私が目指すのは車のクラッチでは無く新幹線の電動モーター。意思という電力によって自由に速度やストライド、ピッチを変更出来る無段変速機が目指すべき理想。
芝を踏みしめ、歩幅を広げストライドの間隔を伸ばす。ピッチは下げてスタミナの消費を抑え、呼吸を変える。
(最後の仕掛け処まで無駄なスタミナ消費は抑える!)
ルドルフ先輩から感じる威圧感はスタートよりも2倍近く強く感じる。これがルドルフ先輩が高ぶって強くなっているのであればまだ良いが(それでも良くは無いが)距離が近づいて強く感じるのであればかなり悪い。
スパート前に抜かれては末脚で抜かす前にゴールされる気がしてならないのだ。なおかつ抜かれない様にコース取りされればなお悪い。
何とか私が先行状態のまま短い直線が終わり第3コーナーへ。スタミナの消費で荒くなっていく呼吸と酸素不足で纏まり辛い思考。
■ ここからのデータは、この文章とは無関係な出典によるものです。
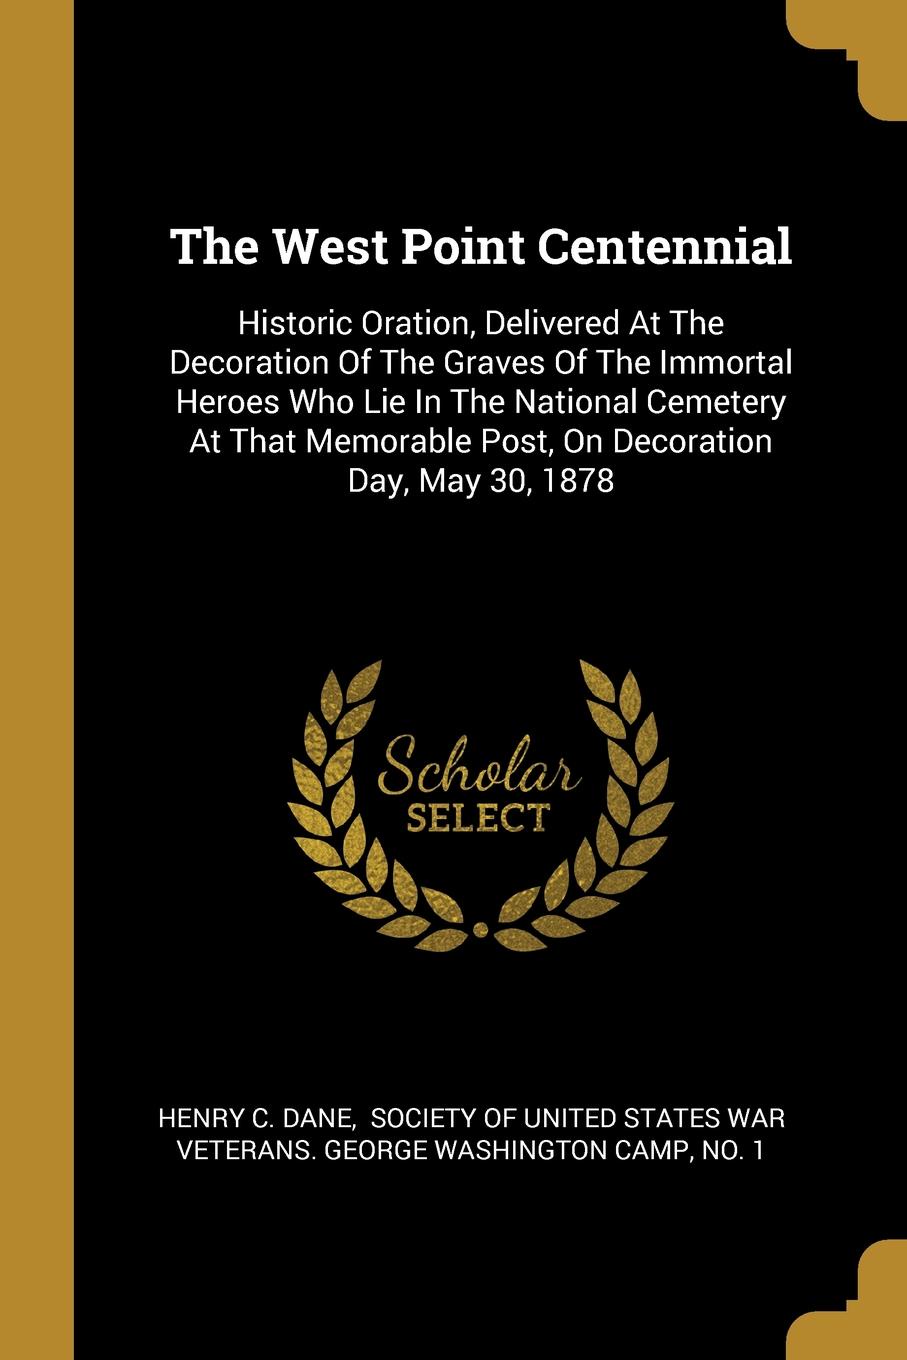 The West Point Centennial. Historic Oration, Delivered At The Decoration Of The Graves Of The Immortal Heroes Who Lie In The National Cemetery At That Memorable Post, On Decoration Day, May 30, 1878

それでもなお上手くストライドの変更が出来たのは私の日頃のトレーニングのお陰なのかはたまたウマ娘の本能故か…………
再び内ラチギリギリまで体を傾け、遠心力を強引に振り切る。最初より強く感じる脚への負担を強引に無視して、私はルドルフ先輩の位置を確認した。
(よし、
最初と変わらない距離で私と同じく内ラチギリギリを走っているルドルフ先輩に少しだけ安堵して、私は再び意識をレースへと戻す。決めるのは第4コーナーから直線へと入る前。短い直線では十分な速度が出ないから少し前目でストライドを変えて加速させる。
そう決めた私は何時もよりピッチを抑えめにする。最後の末脚に存分にスタミナを使う為に、何時もよりスタミナ消費を抑えたかった。
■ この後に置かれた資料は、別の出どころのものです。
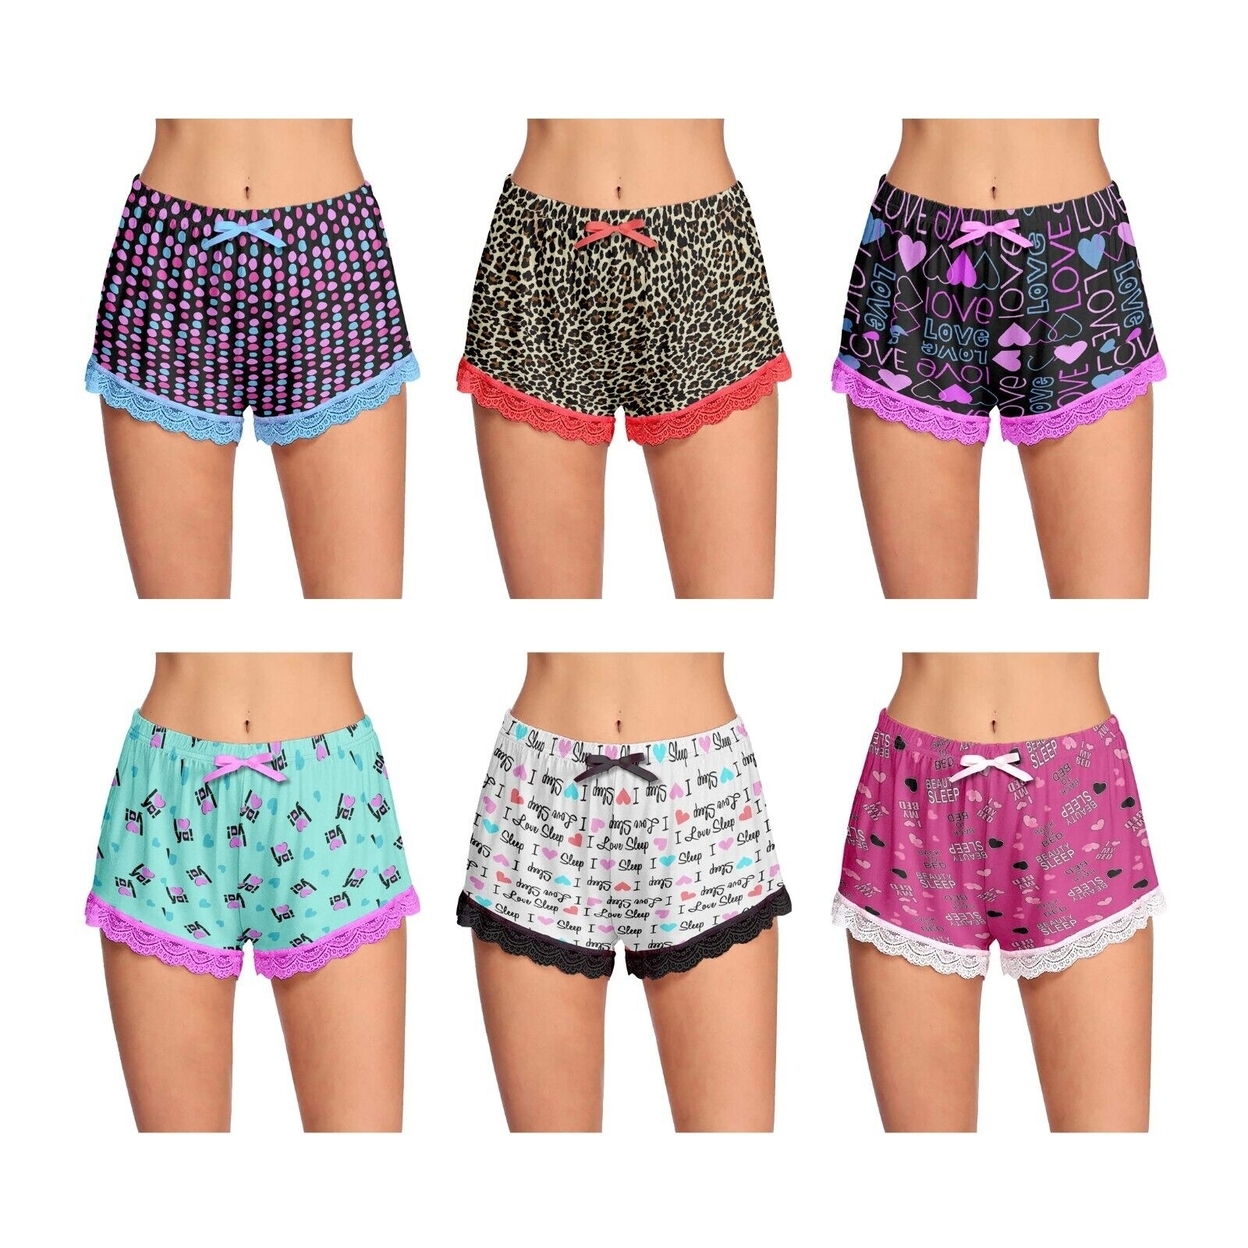 Multi-Pack: Women's Ultra-Soft Cozy Fun Printed Lace Trim Pajama Lounge Shorts - 2-pack, Small, Shapes

ターフを抉る回数が少しだけ減る。その分僅かにコース取りがブレてしまうのを避ける為一歩一歩の踏み込みに力を入れて無理やりコースを維持する。
第3コーナーを抜けて第4コーナーへ。まだだ、まだ仕掛けるには早すぎる。焦れる心を何とか押さえつけ、私は最後の仕掛け処に意識を向ける。一歩一歩の歩幅を更に調整し、最適なタイミングで最高の踏み込みが出来るようにする。
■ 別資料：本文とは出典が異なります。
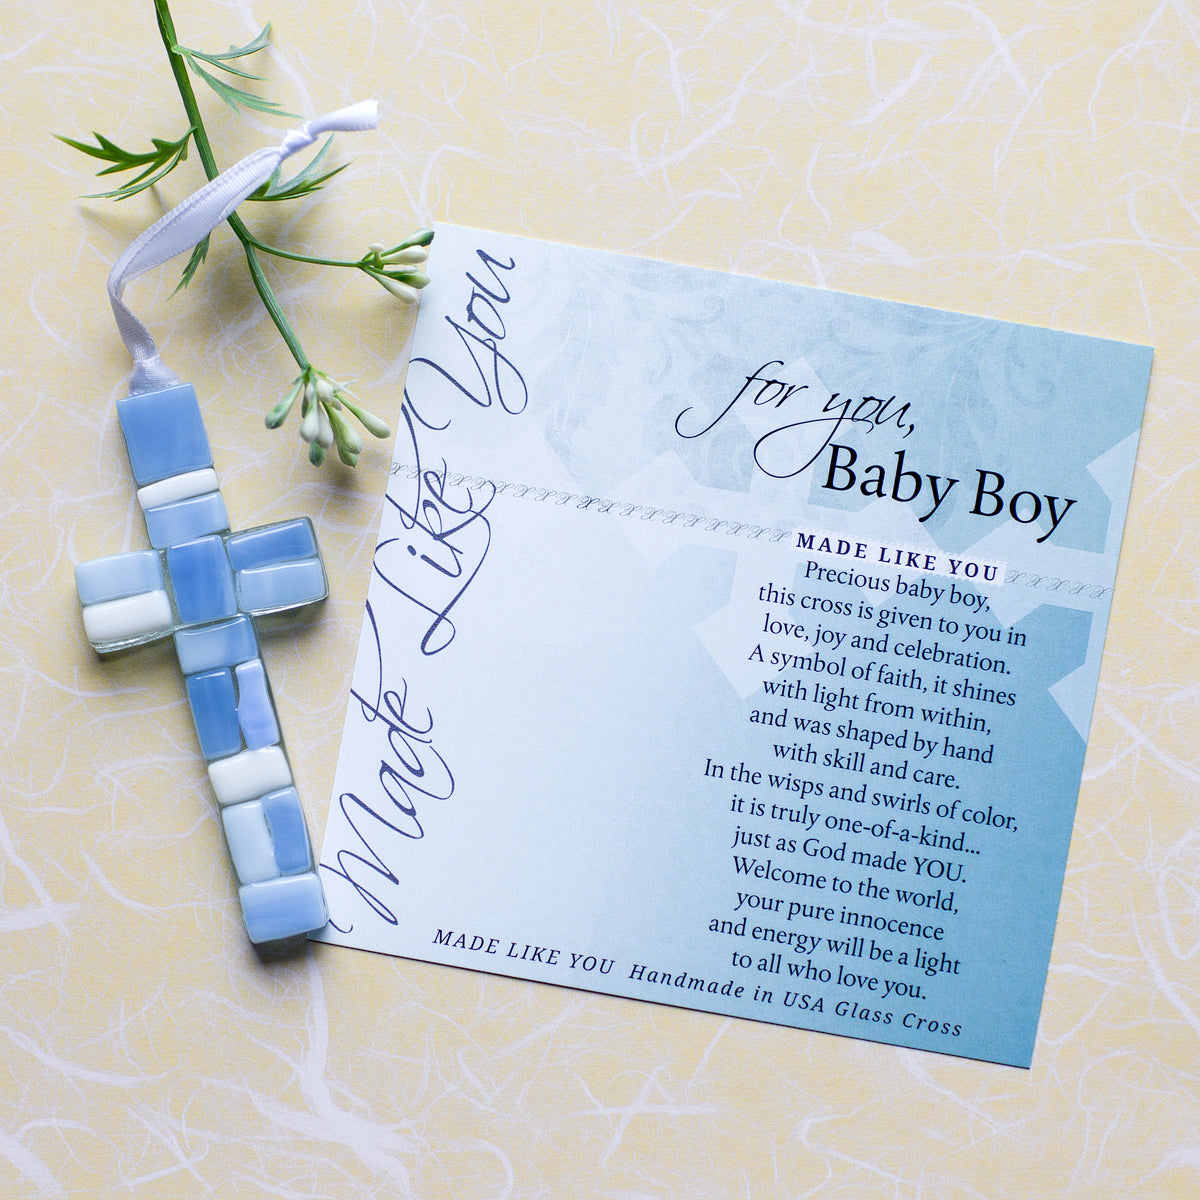 Blue Mosaic cross with shades of blue and white lying next to the For You, Baby Boy sentiment artwork.

(あと20m…………10m…………5m…………今!)
今までよりも強く、芝が千切れ、ターフに深く食い込むほど脚に力を乗せる。温存したスタミナの消費を考えず、ひたすら最高速を目指す走り。それの為に意識を脚に向けた瞬間、フッと後ろから感じて来た圧倒的威圧感が消えた。
(なっ!?)
一瞬で消えたルドルフ先輩の気配。今まで感じていた威圧感が消えた事で、私は戸惑って一瞬の仕掛け処で踏み込むことが出来なかった。少しだけバランスを崩す体を無理やり元に戻し、逃した仕掛け処を悔やみながら再度スパートをかけようと踏み込んだところで、再び威圧感が私を襲う。
それも真横から
「な!?」
その気配は間違いなくルドルフ先輩のそれ。思わずそちらを見た私の前を、風が通り過ぎた。
風にたなびく鹿毛と白い流星が私の横を通り過ぎ、一気に先頭へと躍り出たのだ。たった半バ身とはいえ、私が取り乱した僅か一瞬で此処まで加速したのか。既にルドルフ先輩との差は1バ身を超えて3バ身近く開いていた。
余りに一瞬の出来事で呆然としそうになる頭を風の抵抗を考えず無理やり横へと振って、私は末脚を爆発させる。
「負けるかぁぁぁぁ!!!」
無意識に飛び出た私の声。それすら意識する事は無く私はルドルフ先輩に追いすがる。なんで相手がルドルフ先輩だとか、なんで私が走ってるんだとか…………
最初に感じた感情とか最早頭に無く、私はひたすら足を前に出す。地面が陥没すると感じるほど深くターフを抉り、広いストライドで一気に加速する。少しでも風の抵抗を弱める為にバランスを崩すギリギリまで上半身を前傾させ、それでも目だけはルドルフ先輩を捉え続ける。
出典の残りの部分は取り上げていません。